Research Article | Open Access

Volume 2021 | Article ID 6664574 | https://doi.org/10.1155/2021/6664574

Usefulness of International Normalized Ratio to Albumin Ratio for Evaluation of Mortality in Hepatitis B Virus-Associated Decompensated Cirrhosis

Ming Cai,¹Zhong Han,¹Xia He,¹and JinFei Zhang¹

Academic Editor: Marcelo A. Soares

Received03 Dec 2020

Revised10 Apr 2021

Accepted03 May 2021

Published12 May 2021

Abstract

Background. We sought to determine the prognostic value of prothrombin time-international normalized ratio to albumin ratio (PTAR) in patients with hepatitis B virus-associated decompensated cirrhosis (HBV-DeCi). Methods. The study enrolled 166 HBV-DeCi patients. Multivariate regression analysis was performed to identify predictors associated with mortality. Results. Among the 166 HBV-DeCi patients, 27 (16.3%) had died by 30 days after admission. PTAR was markedly increased in nonsurvivors compared with survivors, and had a significant positive correlation with disease severity. Multivariate analysis identified PTAR as an effective independent predictor for mortality in HBV-DeCi patients. Conclusions. High PTAR was associated with poor outcomes and can act as a novel prognostic predictor for mortality in HBV-DeCi patients.

1. Introduction

Hepatitis B virus (HBV) infection remains a major public health problem with significant morbidity and mortality rates [1]. In China, HBV infection is the predominant cause of liver cirrhosis, and approximately 2–5% of HBV-infected patients with compensated cirrhosis develop decompensated cirrhosis (DeCi) each year [2]. A previous study reported that the 5-year survival rate is only 14%–35% once decompensation has occurred [3]. Liver transplantation is a reliable and effective intervention for patients suffering from this condition. However, the lack of liver sources and serious posttransplantation complications have limited its application. Therefore, an accurate, convenient, and noninvasive prognostic biomarker is needed to identify the mortality risk for HBV-DeCi patients, with a view to stratifying and improving their clinical management and survival.

The prothrombin time-international normalized ratio (PT-INR) to albumin ratio (PTAR) was initially reported by Haruki et al. for evaluation of the liver functional reserve in patients with hepatocellular carcinoma (HCC) after liver resection [4]. They demonstrated that PTAR could reflect liver function and act as a novel predictive factor for adverse outcomes in these patients.

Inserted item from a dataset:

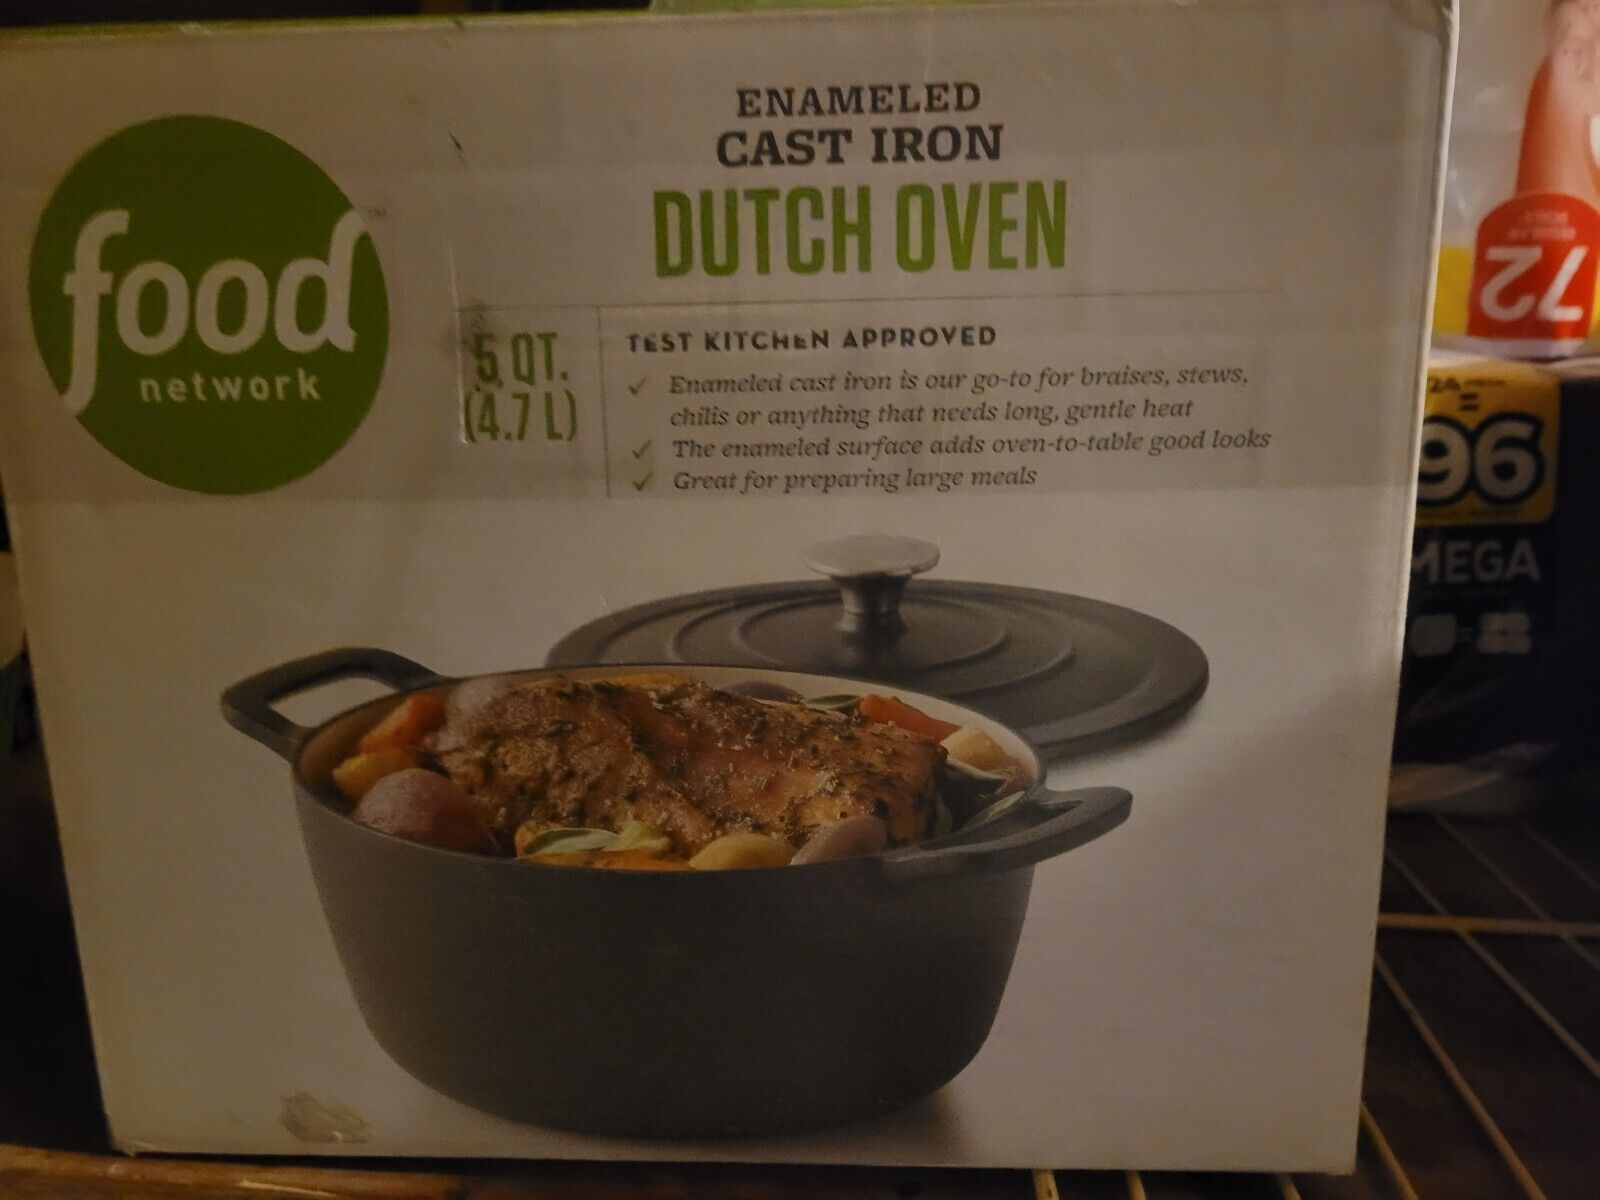 Food Network 5 qt Enamel Cast Iron Dutch Oven w/ Lid - Dark Gray - NEW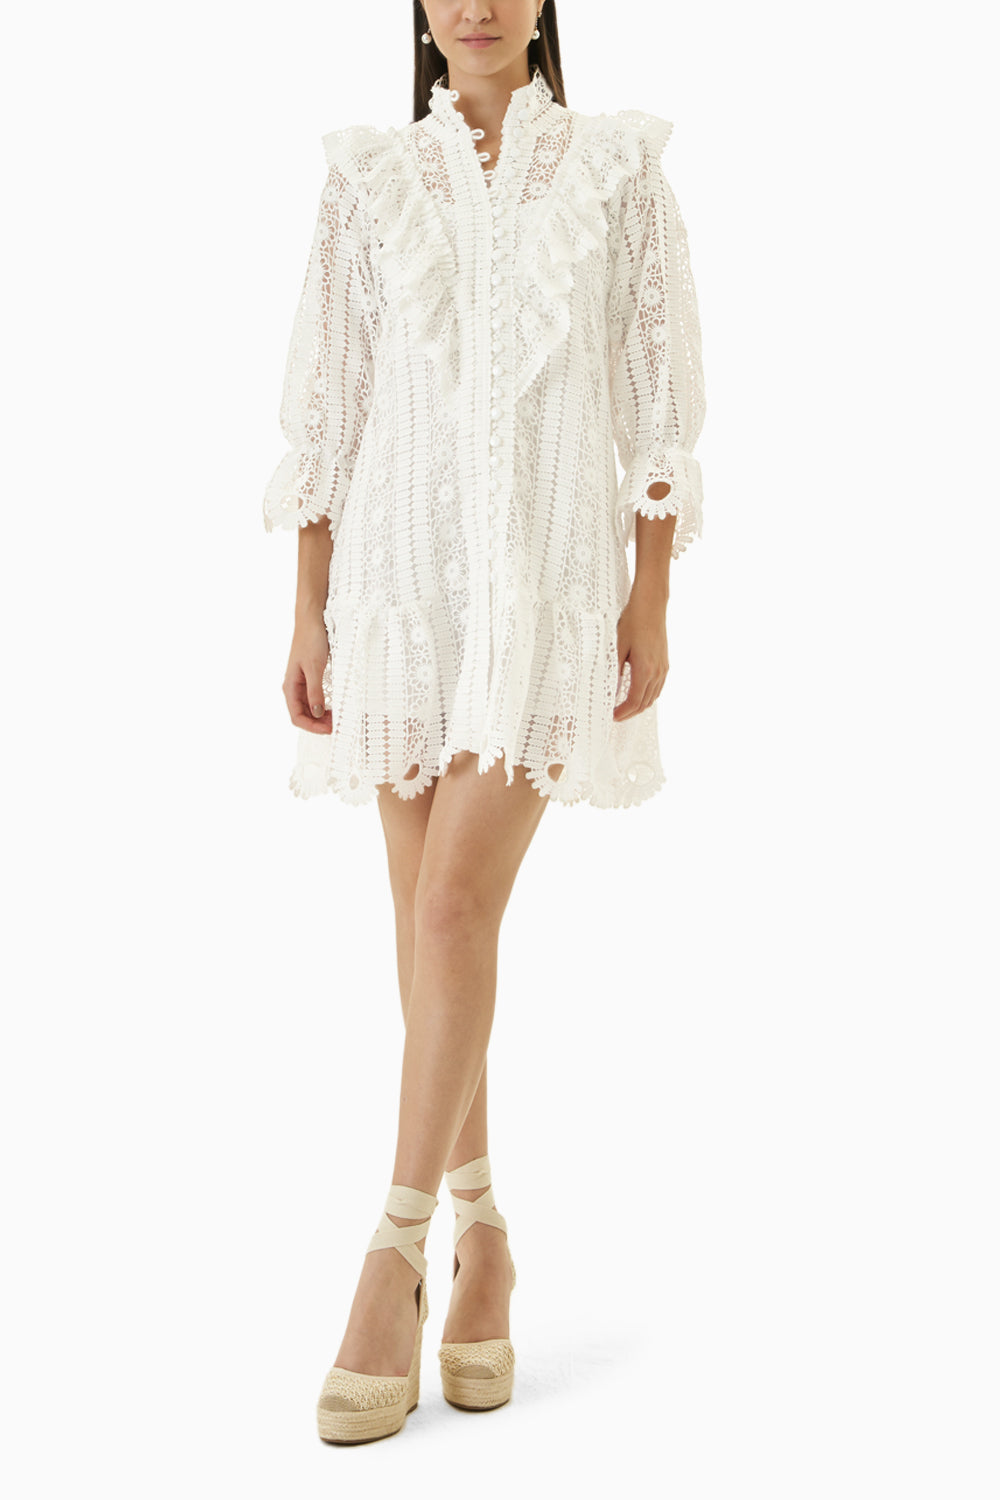 Celeste White Mini Dress

INR and albumin both reflect the synthetic function of the liver, and common abnormalities in these two indicators often lead to a poor prognosis in cirrhotic patients [5]. PTAR was also identified as a novel independent predictor of adverse outcomes in critically ill patients with cirrhosis [6]. However, few studies have evaluated the role of PTAR in HBV-DeCi patients. Thus, we performed a retrospective study to determine the prognostic role of PTAR in these patients.

2. Materials and Methods

2.1. Patients

A total of 205 HBV-DeCi patients treated in our hospital between May 2014 and May 2016 were retrospectively assessed. All patients had shown positivity for HBV surface antigens for >6 months. DeCi was defined by the development of hepatic encephalopathy, ascites, gastrointestinal bleeding, hepatorenal syndrome, or any combination of these [7]. The exclusion criteria were as follows: or >75 years; coinfection with other hepatitis virus or HIV, or concurrent autoimmune or other liver diseases; HCC or malignancy; hematological diseases; incomplete data at admission; and treatment with immunomodulatory therapy within 3 months before admission. All patients were followed up for 30 days to assess the 30-day survival status. The study was approved by the ethical committee of Shengzhou People’s Hospital.

2.2. Data Collection

For each patient, demographic information and laboratory data were collected on admission. Laboratory parameters, including alanine aminotransferase, aspartate aminotransferase, total protein, albumin, creatinine, total bilirubin, INR, platelet count, hemoglobin, and blood urea nitrogen, were collected. Biochemical analyses were conducted using a Hitachi 7600 Clinical Analyzer (Hitachi, Tokyo, Japan), Sysmex CA-7000 System (Sysmex, Kobe, Japan), and Sysmex XE-2100 Auto-Analyzer (Sysmex, Kobe, Japan) using standard methods. PTAR was calculated as INR divided by albumin (g/dL). Hepatic disease severity was evaluated by the Model for End-Stage Liver Disease (MELD) score as previously described [8].

2.3. Statistical Analysis

Statistical analyses were carried out using SPSS version 17.0 or MedCalc version 12.7 software. Two-sided was considered to indicate statistical significance. Continuous data were expressed as median with interquartile range and analyzed using the Mann–Whitney test. Categorical data were expressed as number and analyzed using Fisher’s exact test. The correlation between PTAR and MELD score was determined by Spearman’s rank correlation analysis. Independent predictors for mortality were identified by univariate and multivariate analyses. The areas under the curve (AUCs) were measured and compared to evaluate the discrimination abilities of PTAR and MELD score.

3. Results

3.1. Study Population

After application of the exclusion criteria, 166 HBV-DeCi patients were recruited for the study (Figure 1). The main causes of admission were ascites in 125 (75.3%), gastrointestinal bleeding in 38 (22.9%), hepatorenal syndrome in 17 (10.2%), and hepatic encephalopathy in 4 (2.4%). The median of PTAR was 0.44, and the interquartile range was 0.36 to 0.58 in the patients at admission. As shown in Figure 2, PTAR was positively correlated with MELD score (; ).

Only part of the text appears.